DATASET ENTRIES
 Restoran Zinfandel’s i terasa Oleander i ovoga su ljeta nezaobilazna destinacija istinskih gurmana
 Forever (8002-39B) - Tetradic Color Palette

==

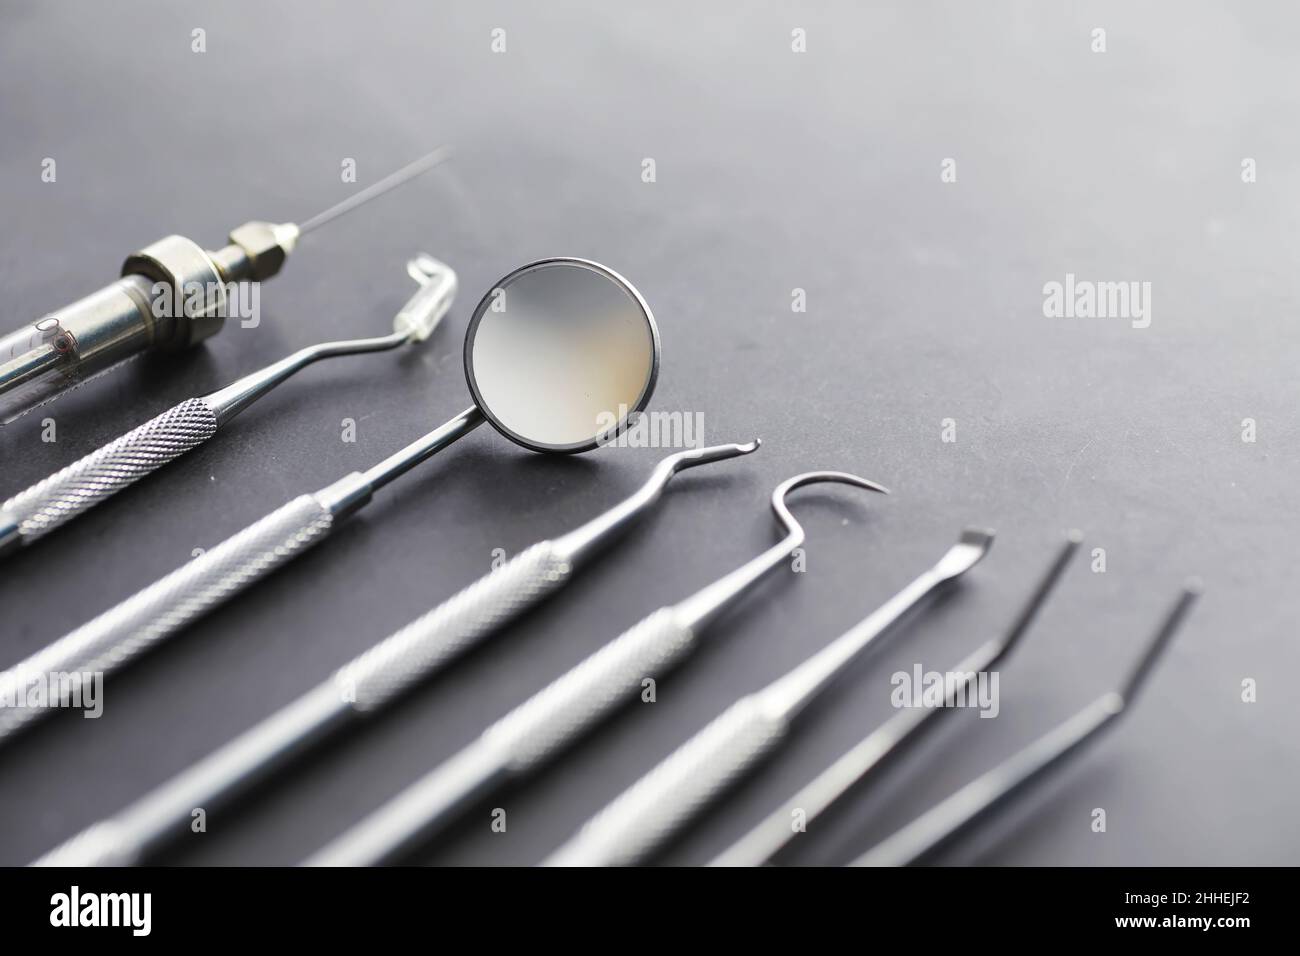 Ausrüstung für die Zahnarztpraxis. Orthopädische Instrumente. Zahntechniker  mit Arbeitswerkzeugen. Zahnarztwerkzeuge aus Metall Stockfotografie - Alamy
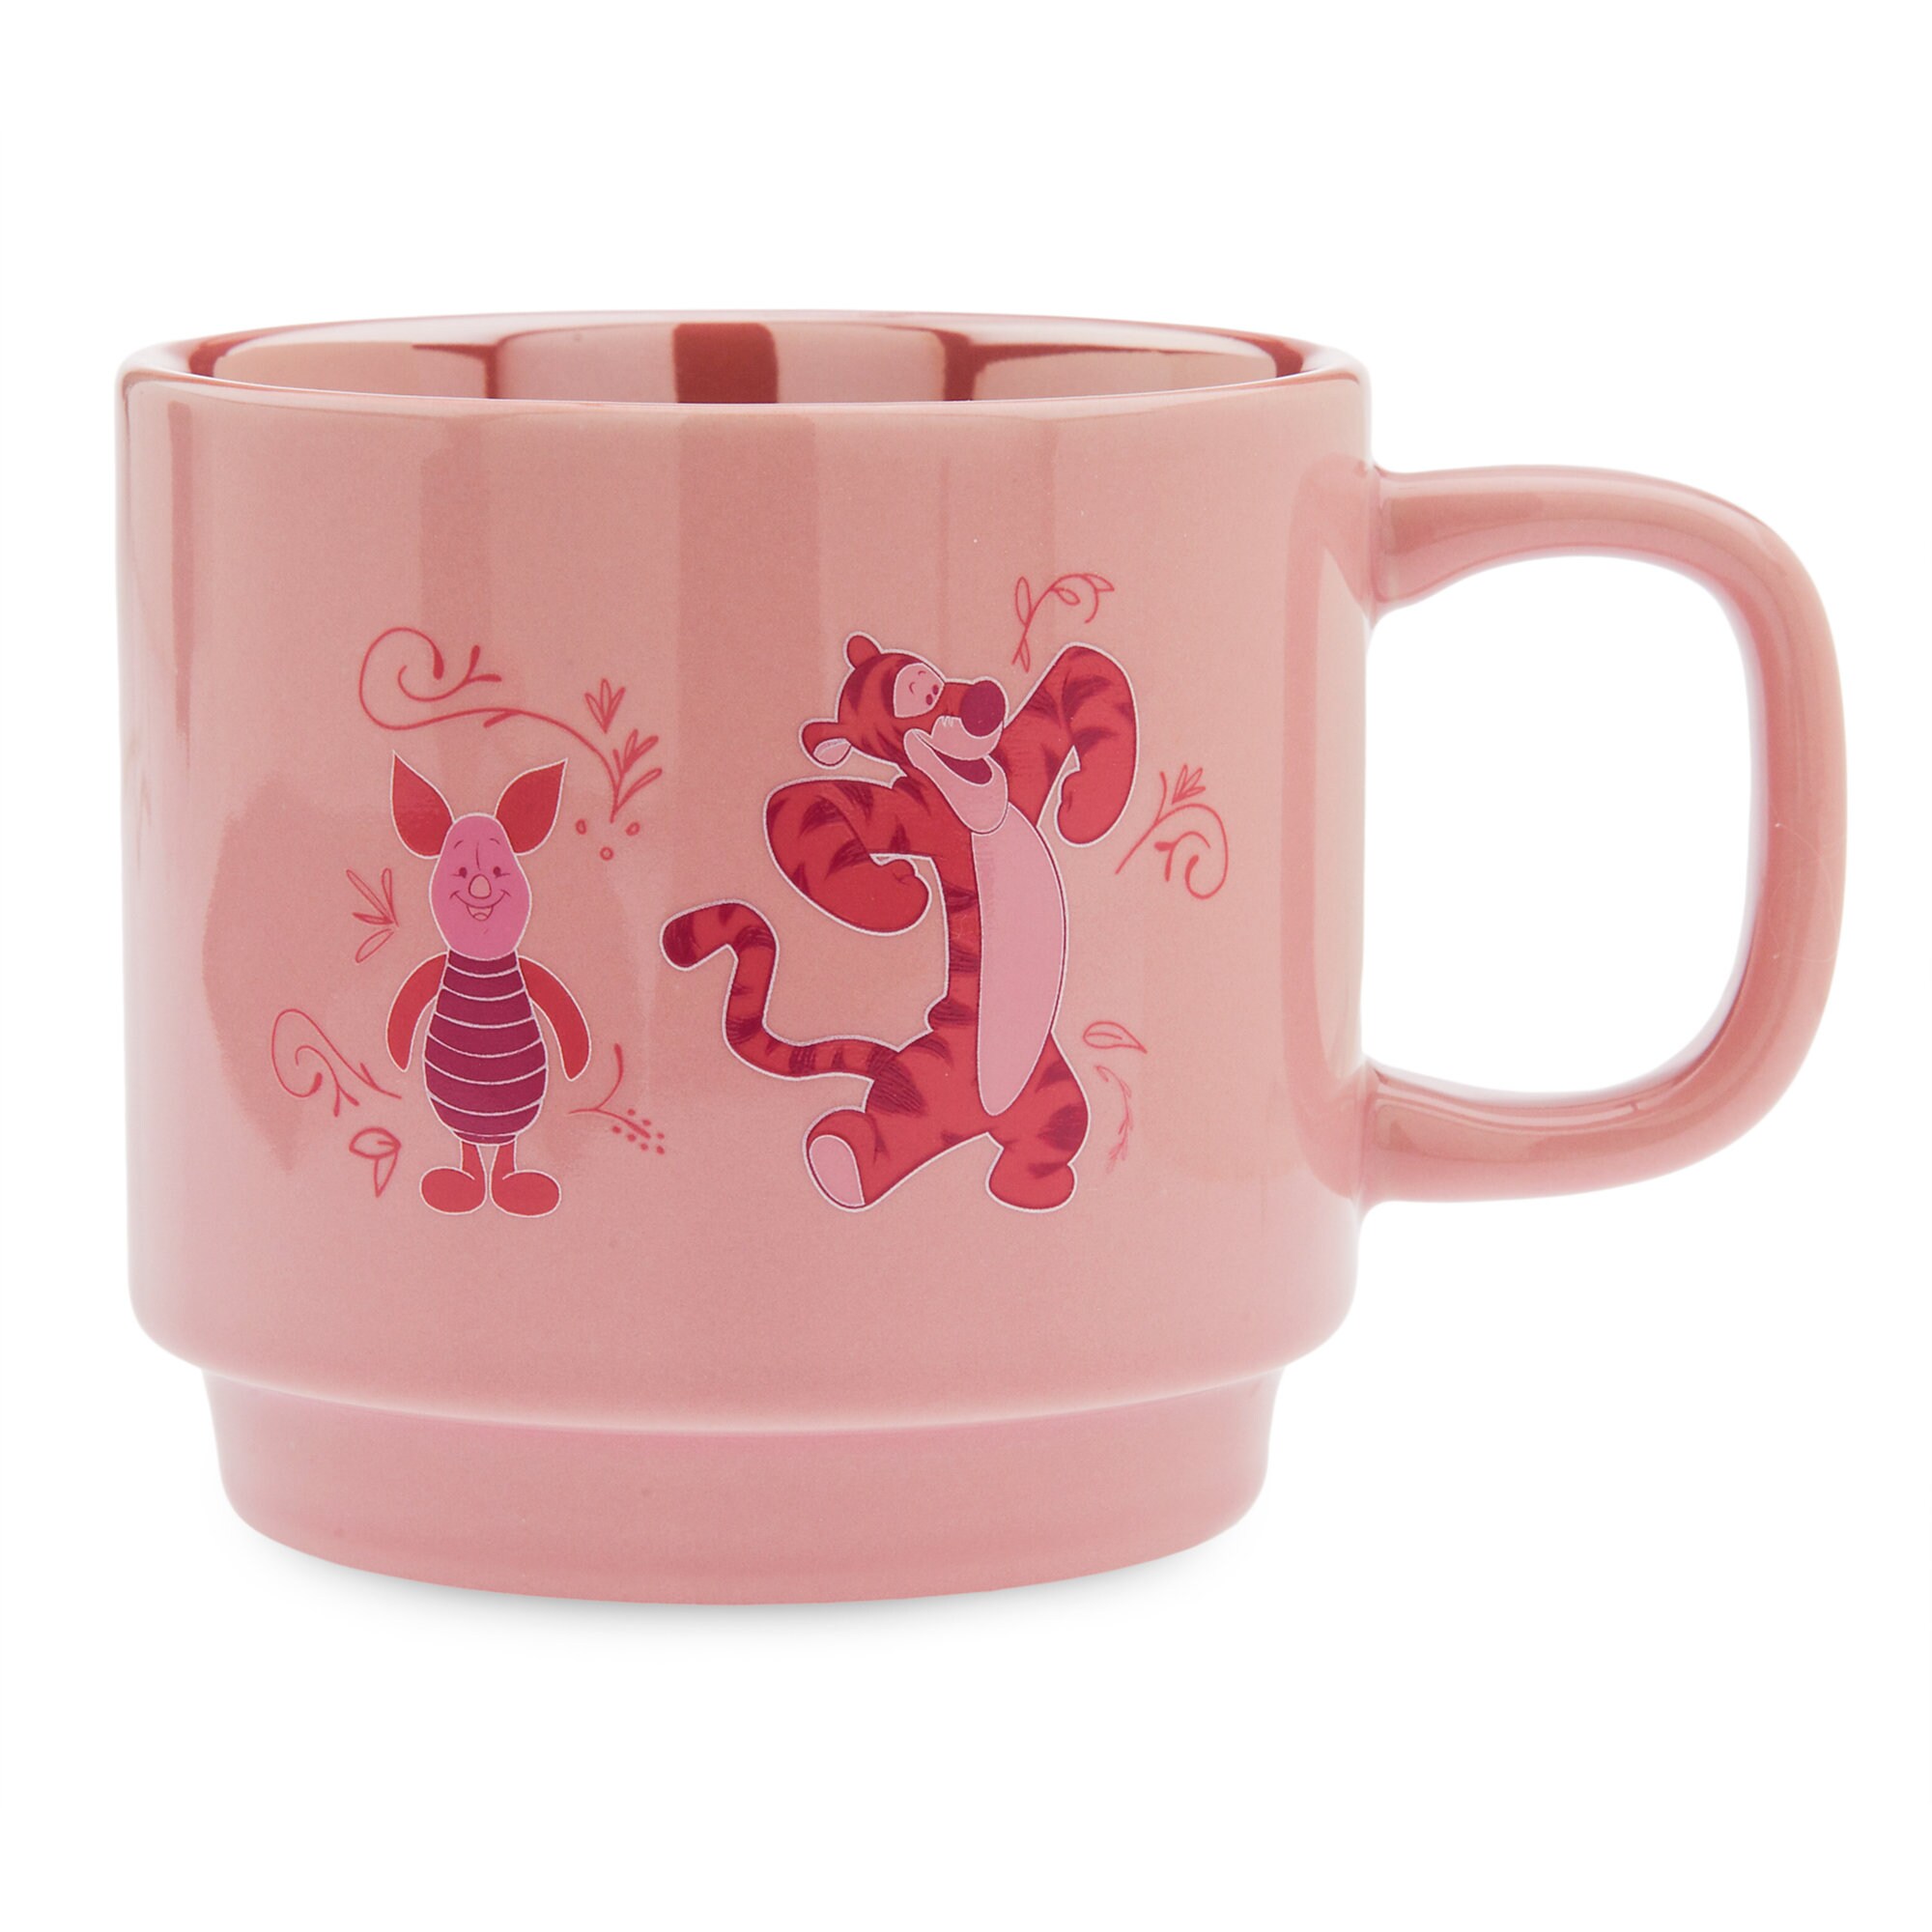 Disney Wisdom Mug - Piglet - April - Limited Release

* * *

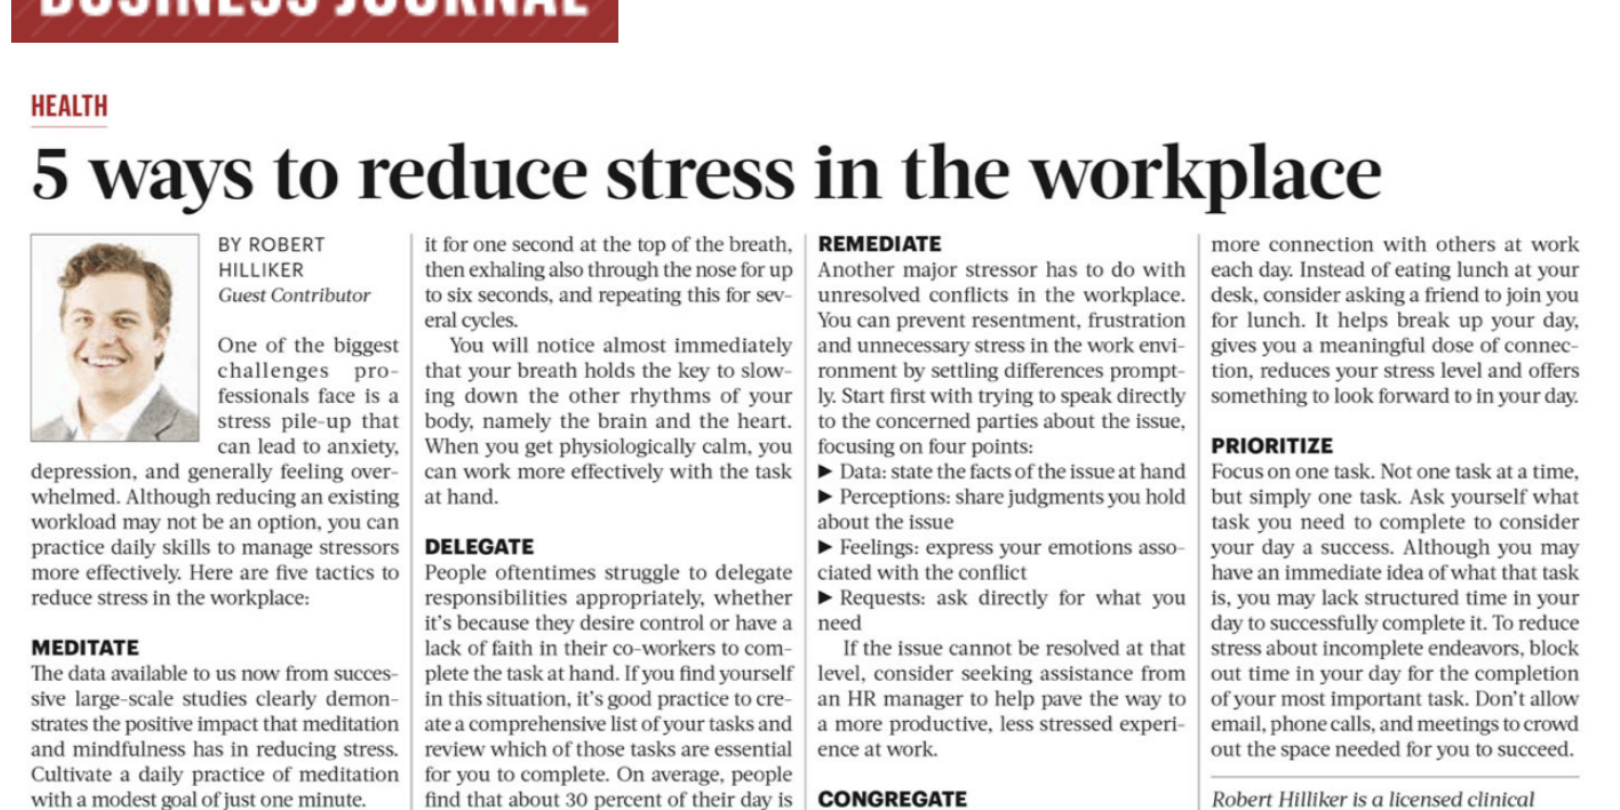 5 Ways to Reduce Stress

WHAT IS NEEDED
Return only the lines between the one holding "Restoran Zinfandel’s i" and the one holding "Forever (8002-39B) - Tetradic Color Palette", inclusive, exactly as they appear above.

YOUR RESPONSE
 Restoran Zinfandel’s i terasa Oleander i ovoga su ljeta nezaobilazna destinacija istinskih gurmana
 Forever (8002-39B) - Tetradic Color Palette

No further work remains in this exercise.